In November 2013, it was announced that Lady Gaga would headline six shows (March 28, 30, 31 and April 2, 4, and 6 of 2014), which would be the final performances at the venue. It was her first time performing there. An extra, seventh show was added, held on April 7, 2014, which officially closed the venue. "G.U.Y." was the final song performed at Roseland Ballroom.

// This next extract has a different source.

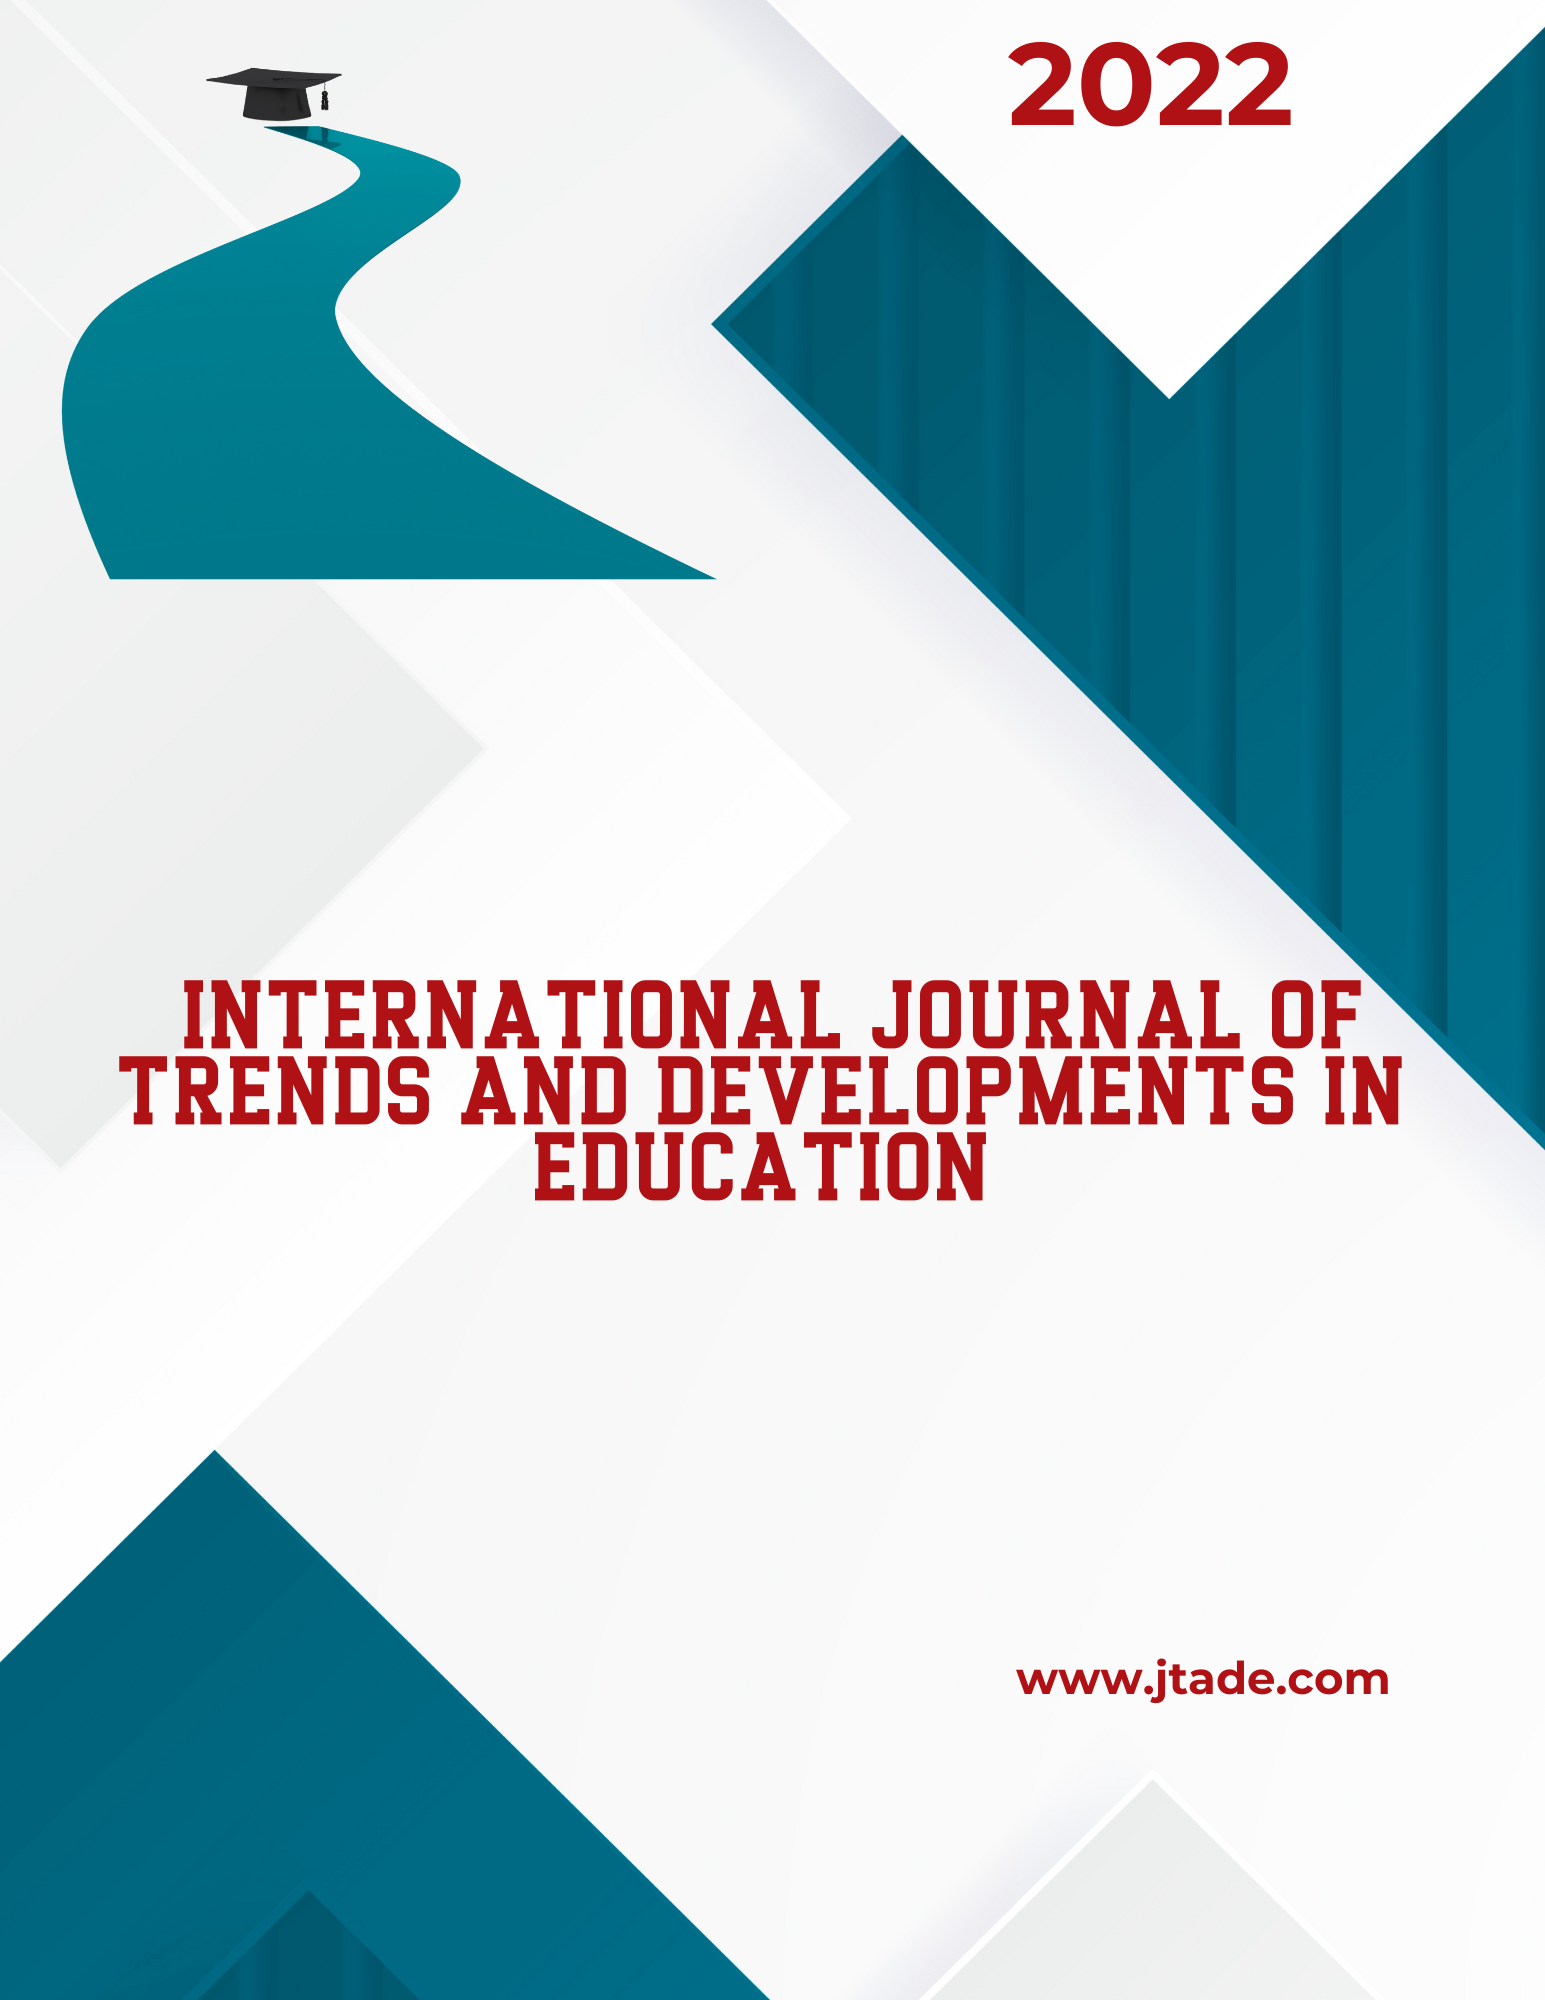 					View Vol. 2 No. 1 (2022): International Journal of Trends and Developments in Education
				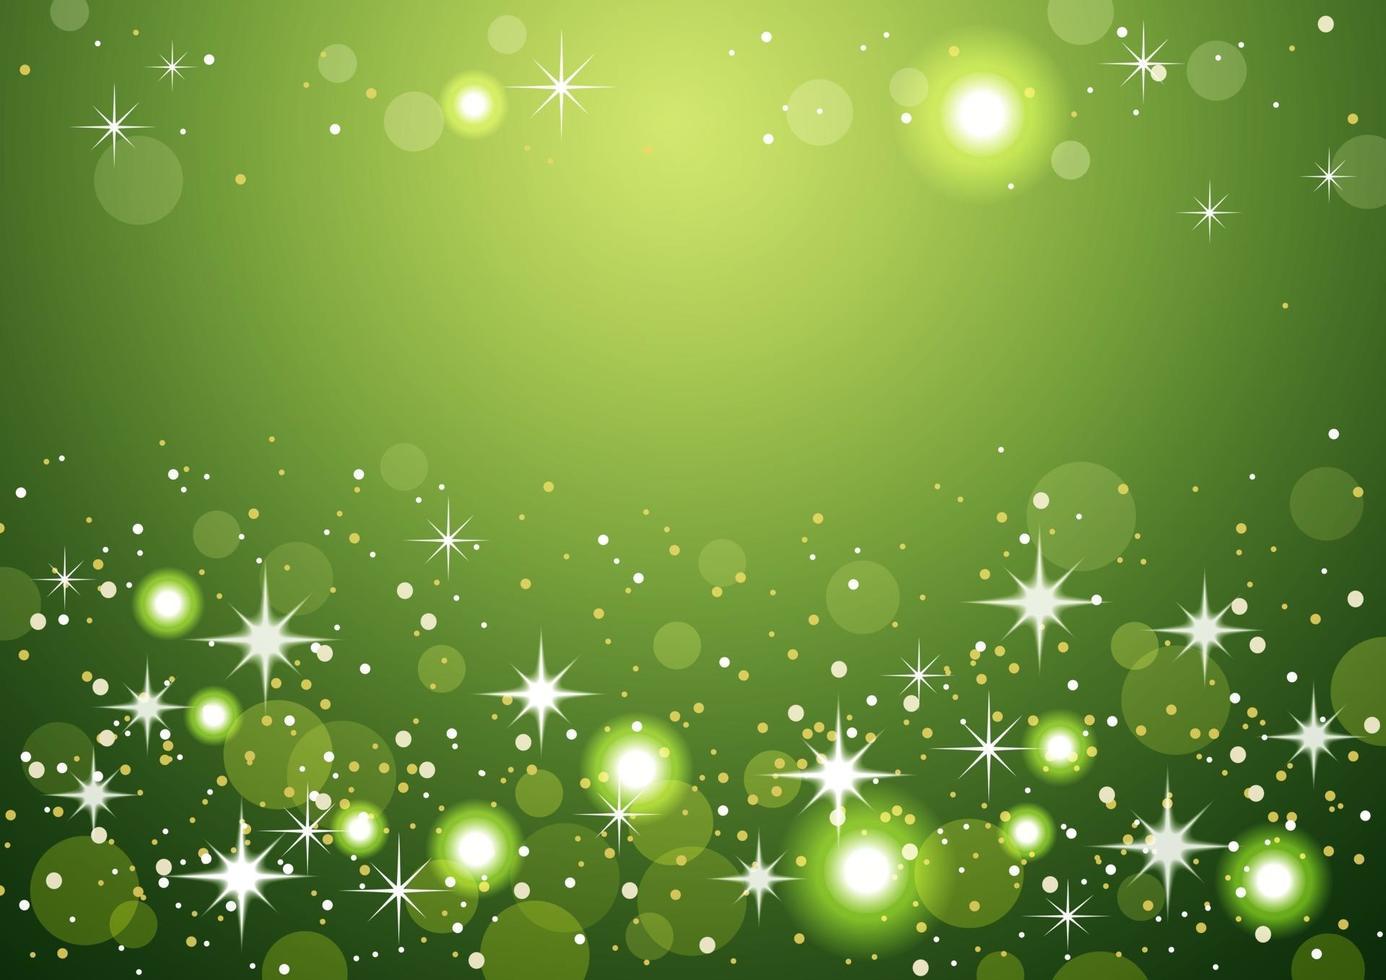 Green Abstract Bokeh Background. Christmas And New Year Holidays Vector Illustration.

==Notable live recordings, events, and films filmed at the venue==

===Movies===
- Malcolm X directed by Spike Lee has a dance scene at the ballroom.
- Roseland, directed by James Ivory and starring Christopher Walken.

===Music===
- Raven along with Anthrax and Metallica on August 3, 1984
- Ella Fitzgerald and her Orchestra on February 26, 1940
- Meltdown, a bootleg of the Nirvana performance at the New Music Seminar on July 23, 1993.
- Blind Melon performed at the Roseland on February 17, 1994.
- Primus performed at the Roseland on August 4, 1995.
- Ozzy Osbourne performed at the Roseland on October 14, 1995.
- Live footage used in the No Doubt video "Don't Speak" was from an August 21, 1996, performance at the Roseland Ballroom
- Live at Roseland Ballroom, a 1996 live album from Gov't Mule
- Roseland NYC Live, a 1998 live album by Portishead
- Jimmy Page and The Black Crowes performed at the Roseland on October 12, 1999.
- Phish performed at the Roseland on May 23, 2000, for taping of VH1's Hard Rock Live that first aired July 1, 2000.
- Green Day performed their release show for the album Warning, on October 4, 2000.
- Madonna performed her new album, Music in November 2000.
- Shakira performed at the Roseland Ballroom in 2001.
- Live Scenes from New York and Metropolis 2000: Scenes from New York, live album and DVD by Dream Theater (2001)
- Roseland Ballroom 2003, a bootleg recording of a 2003 AC/DC concert.
- Evil or Divine, a 2005 live album and DVD by Heavy Metal artist Dio
- "Abrasions Mount The Timpani", "Take The Veil Cerpin Taxt", "A: Gust Of Mutts" and "B: And Ghosted Pouts" from the live album Scabdates by The Mars Volta (2005)
- Honda Civic Tour presents: Panic! At The Disco on May 8, 2008.
- Madonna: Hard Candy Promo Tour – filmed for MSN online broadcast on April 30, 2008.
- Phil Collins: Going Back – Live at Roseland Ballroom, NYC (2010)
- Beyoncé held a revue show titled 4 Intimate Nights with Beyoncé on August 14, 16, 18 and 19, 2011. The first show sold out in 22 seconds, and the remaining three performances in the following minute. A DVD of the show titled, Live at Roseland: Elements of 4, was released on November 21, 2011.
- Steve Aoki: Deadmeat Live at Roseland Ballroom was recorded in 2012.
- Nicki Minaj held a free concert for her last U.S. date from her Pink Friday Tour August 14, 2012, which was streamed by Pepsi at Roseland.
- Lady Gaga Live at Roseland Ballroom – filmed for Verizon Wireless online broadcast on April 7, 2014, the last day of Lady Gaga's residency concert and also the closing date of Roseland.
- Lamb of God held a concert on October 25, 2013 on their first North American tour after their vocalist, Randy Blythe, was released from prison in the Czech Republic

===Theatre===
- In A Chorus Line, the character of Al DeLuca sings about how his father would take his mother to the Roseland Ballroom in the song Montage 3: Mother.

===Other Events===
The finals for the national Bakugan tournament series Baku-Con were held at the venue from February 20, 2010 to February 21, 2010.